The entrepreneurial frenzy of Horizon Two is different because a relatively small number of people shape the future, while others merely live it. This horizon features the often novelty-hungry and finance-driven work of creating new worlds within our existing reality through cosmopoeisis. However, the extent to which technology or even innovation in general changes the world is moot, especially in terms of what Campagna calls ‘destiny’. As argued previously, there is a recurring and widely recognised pattern of societal adaptation that I call the h2minusvortex whereby prevailing powers co-opt innovation to maintain the status quo, and the French expression ‘plus ça change, plus c’est la même chose’ prevails.
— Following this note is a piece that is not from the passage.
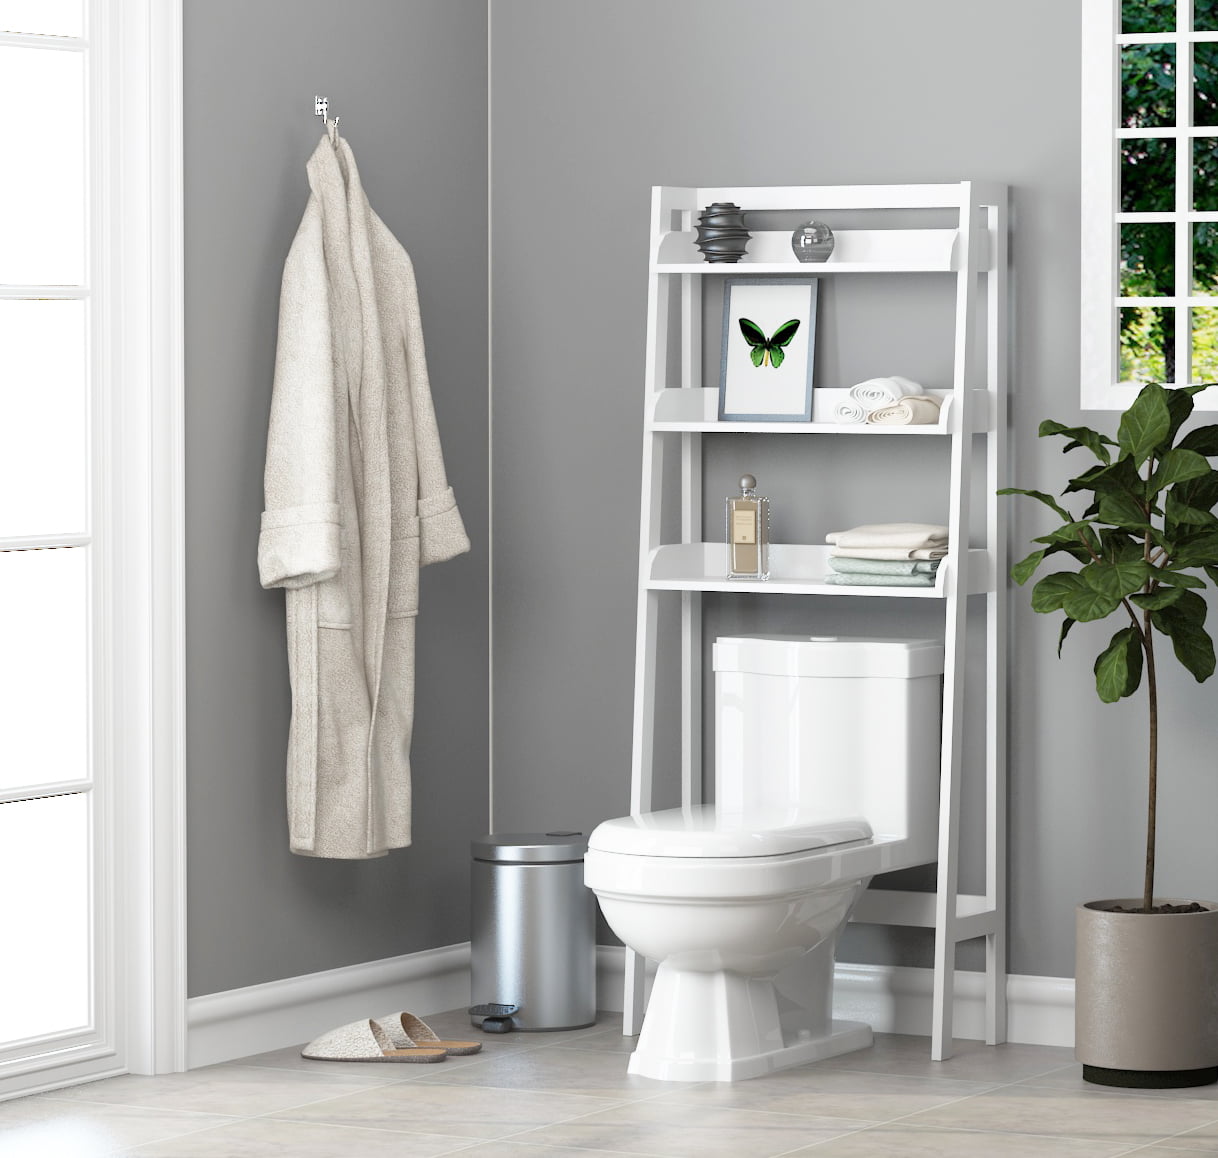 Details about   3 Shelf Over The Cut-Off Toilet Rack Bathroom Space Saver MDF Towel Storage Rack 
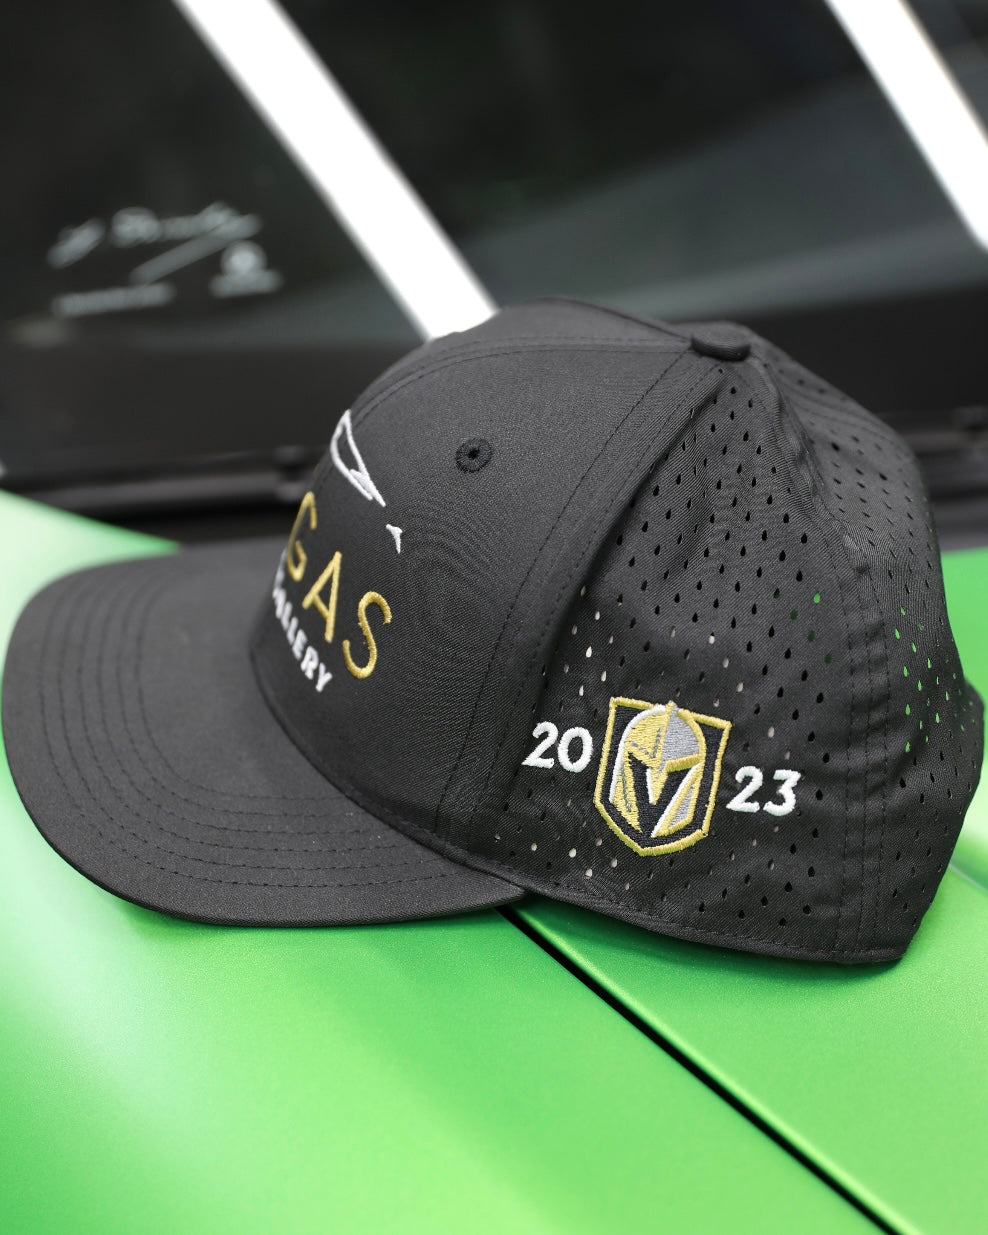 Vegas Auto Gallery Hat

It seems to me that vision worth having is ‘H2plus’ i.e. innovation with some endemic immunity to horizon one’s cooptive power.
New visionaries will have the intellectual and imaginative capacity to lift us beyond a fixation with the triage of time-sensitive prioritsing and problem-solving, towards the challenge of working with legacy institutions towards the transition to get towards transformation, which is a completely different world. The sine qua non of the visionary is holding the vision of the transformed world in a way that informs the transitional struggle.
Great work can be done in the first two horizons, and lives can be well-lived there, but if you recognise we are living in a metacrisis, even the best work of the first two horizons does not feel adequate to the task of overcoming systemic delusion, unless you are in conversation with horizon three.
The metacrisis is the historically specific threat to truth, beauty, and goodness caused by our persistent misunderstanding, misvaluing, and misappropriating of reality. The metacrisis is the crisis within and between all the world’s major crises, a root cause that is at once singular and plural, a multi-faceted delusion arising from the spiritual and material exhaustion of modernity that permeates the world’s interrelated challenges and manifests institutionally and culturally to the detriment of life on earth.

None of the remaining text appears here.